If, however, C1 and C2 were both concepts instead of inline constexpr bools, then the declaration of the foo() that returns 0 would be at least as constrained as the declaration of the foo() that returns 1, and the call to foo<int> would be valid and return 0. This is one reason to prefer to use concepts as constraints over arbitrary boolean constant expressions.

Background

The reason for this difference (concepts subsume, arbitrary expressions do not) is best expressed in Semantic constraint matching for concepts, which is worth reading in full (I will not reproduce all the arguments here). But taking an example from the paper:

namespace X {
 template<C1 T> void foo(T);
 template<typename T> concept Fooable = requires (T t) { foo(t); };
}
namespace Y {
 template<C2 T> void foo(T);
 template<typename T> concept Fooable = requires (T t) { foo(t); };
}
X::Fooable is equivalent to Y::Fooable despite them meaning completely different things (by virtue of being defined in different namespace). This kind of incidental equivalence is problematic: an overload set with functions constrained by these two concepts would be ambiguous.

That problem is exacerbated when one concept incidentally refines the others.
namespace Z {
 template<C3 T> void foo(T);
 template<C3 T> void bar(T);
 template<typename T> concept Fooable = requires (T t) {
 foo(t);
 bar(t);
 };
}
An overload set containing distinct viable candidates constrained by X::Fooable, Y::Fooable, and Z::Fooable respectively will always select the candidate constrained by Z::Fooable.
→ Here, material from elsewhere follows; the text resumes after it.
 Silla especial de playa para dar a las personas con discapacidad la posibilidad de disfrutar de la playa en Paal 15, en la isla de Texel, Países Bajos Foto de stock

This is almost certainly not what a programmer wants.

Standard References

The subsumption rule is in [temp.constr.order]/1.2:

an atomic constraint A subsumes another atomic constraint B if and only if the A and B are identical using the rules described in [temp.constr.atomic].
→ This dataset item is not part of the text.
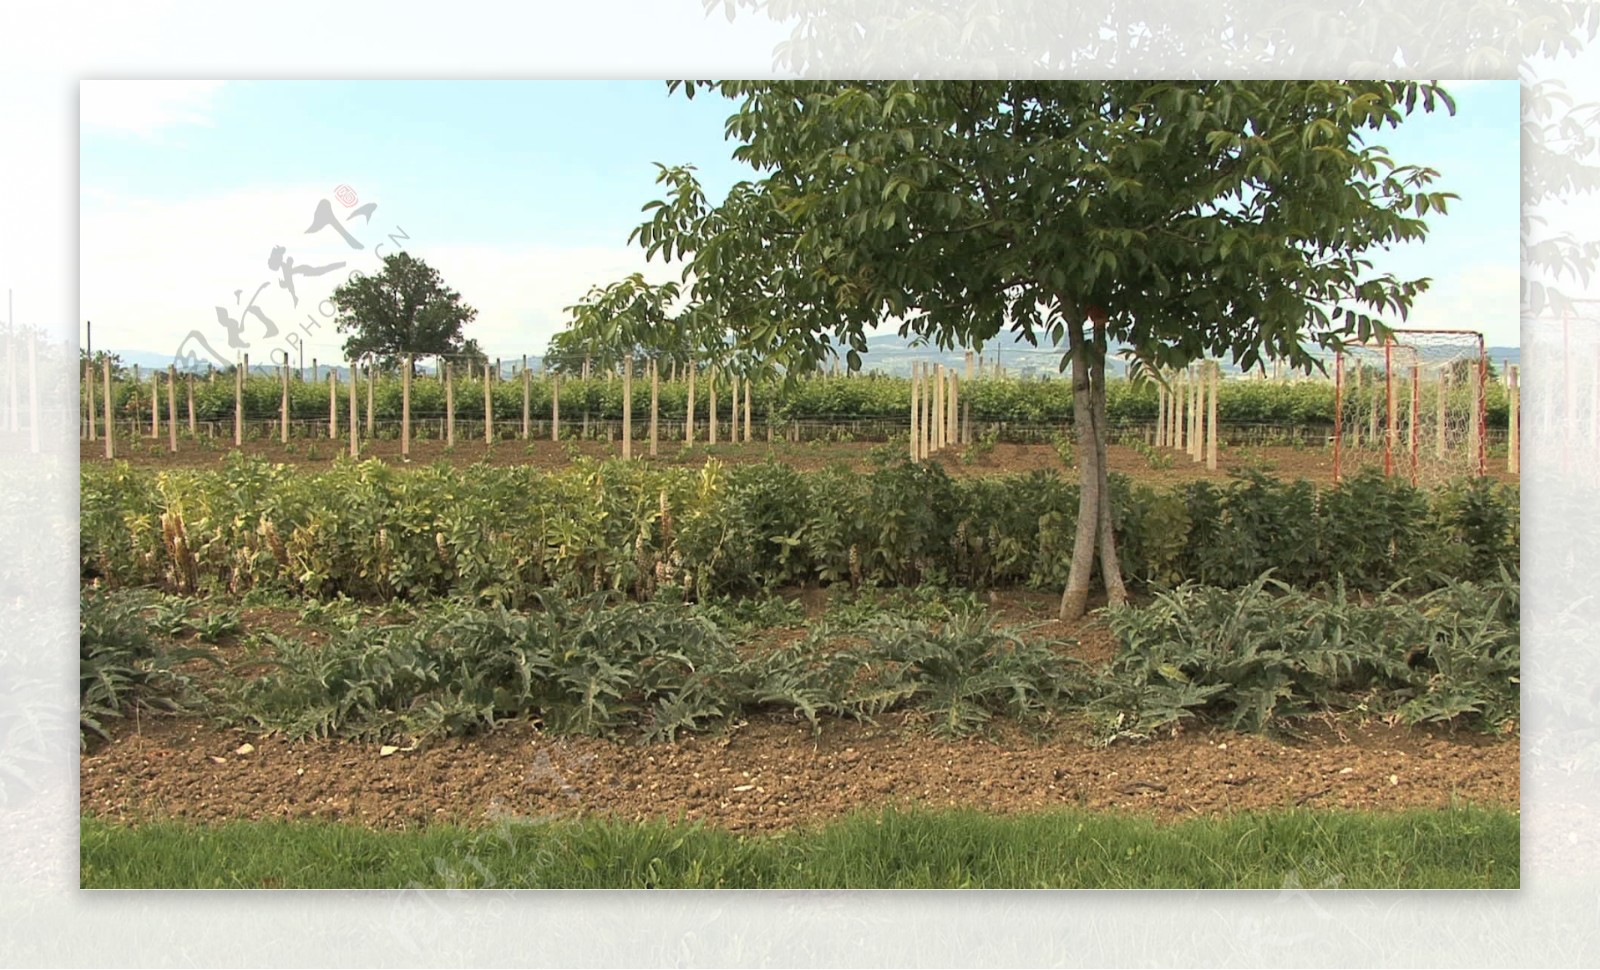 意大利翁布里亚整洁的花园和葡萄股票视频

Atomic constraints are defined in [temp.constr.atomic]:

An atomic constraint is formed from an expression E and a mapping from the template parameters that appear within E to template arguments involving the template parameters of the constrained entity, called the parameter mapping ([temp.constr.decl]). [ Note: Atomic constraints are formed by constraint normalization. E is never a logical AND expression nor a logical OR expression. — end note ]
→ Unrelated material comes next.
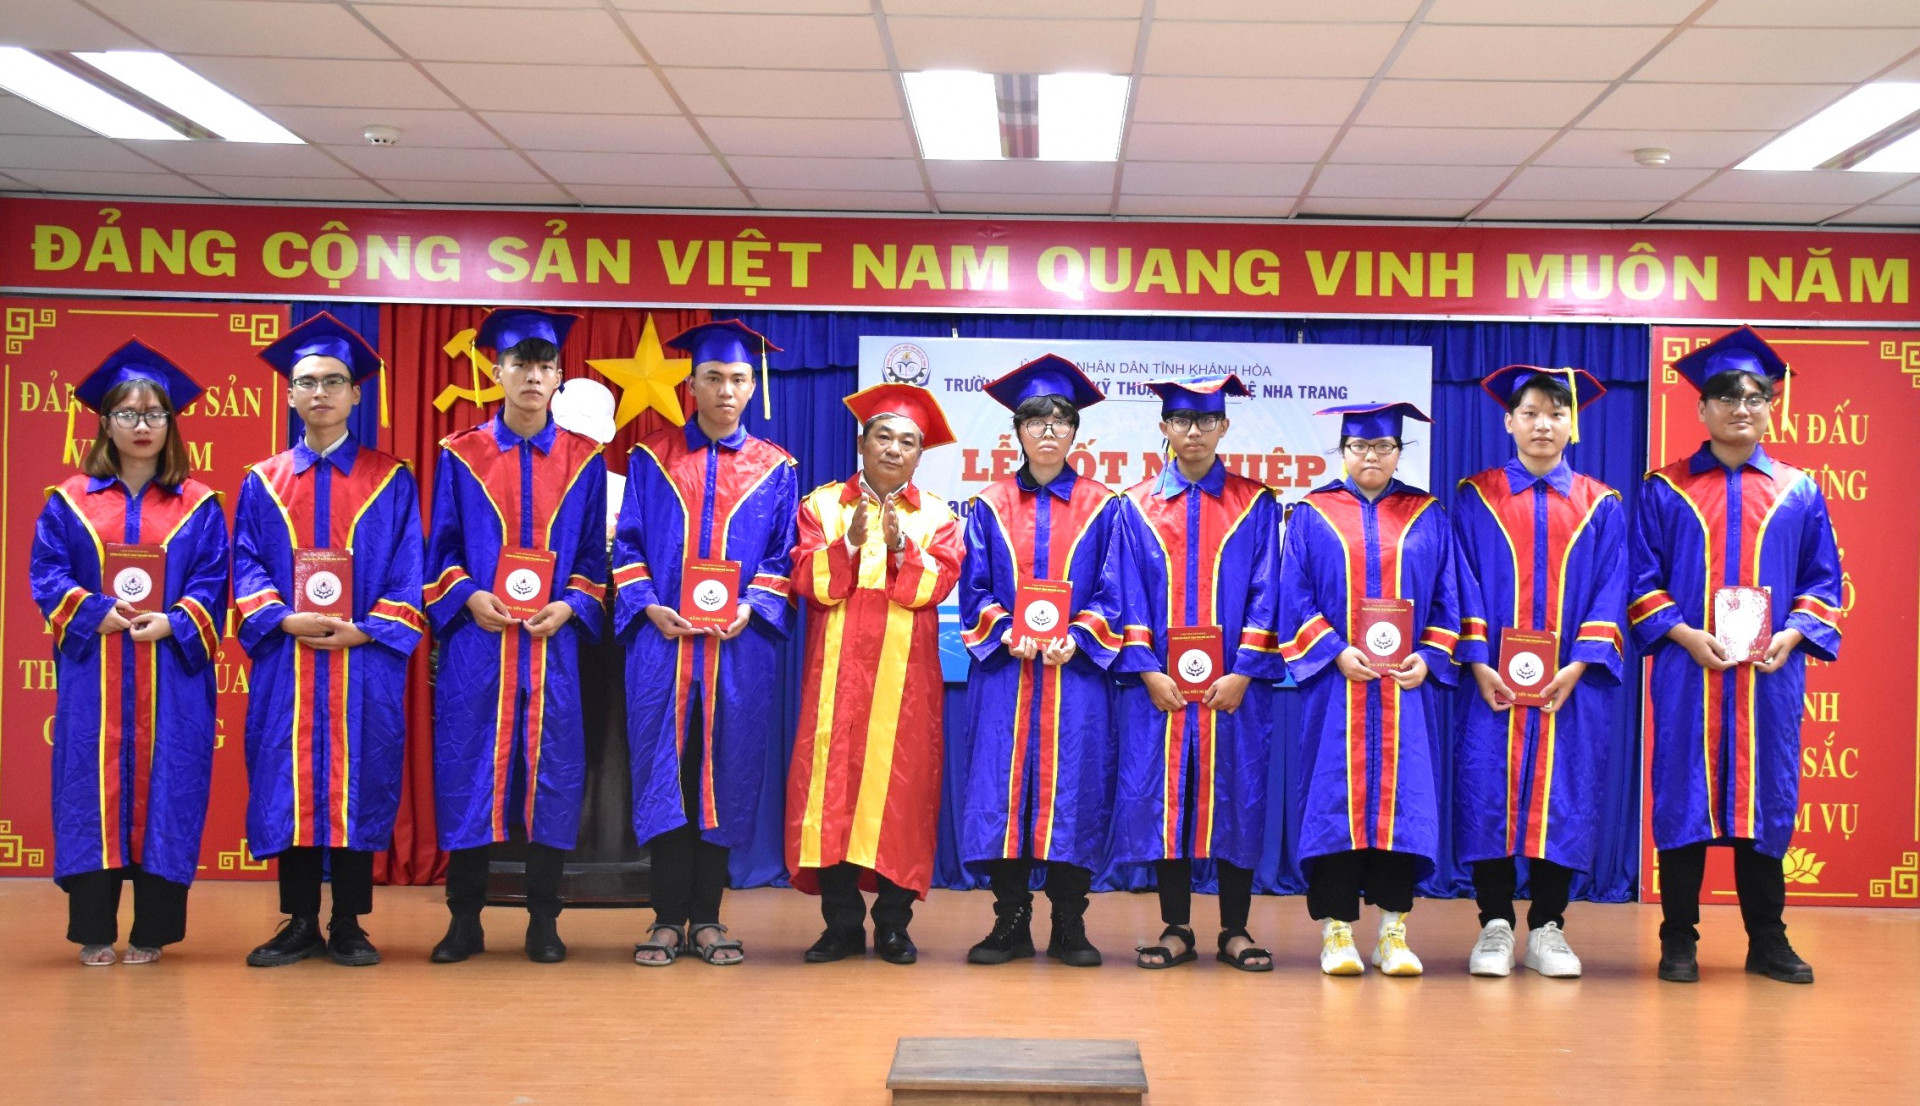 Ông Nguyễn Văn Lực - Hiệu trưởng Trường Cao đẳng Kỹ thuật Công nghệ Nha Trang trao bằng tốt nghiệp cho sinh viên.

Two atomic constraints are identical if they are formed from the same expression and the targets of the parameter mappings are equivalent according to the rules for expressions described in [temp.over.link].

The key here is that atomic constraints are formed. This is the key point right here. In [temp.constr.normal]:

The normal form of an expression E is a constraint that is defined as follows:

The normal form of an expression ( E ) is the normal form of E.

The normal form of an expression E1 || E2 is the disjunction of the normal forms of E1 and E2.

The normal form of an expression E1 && E2 is the conjunction of the normal forms of E1 and E2.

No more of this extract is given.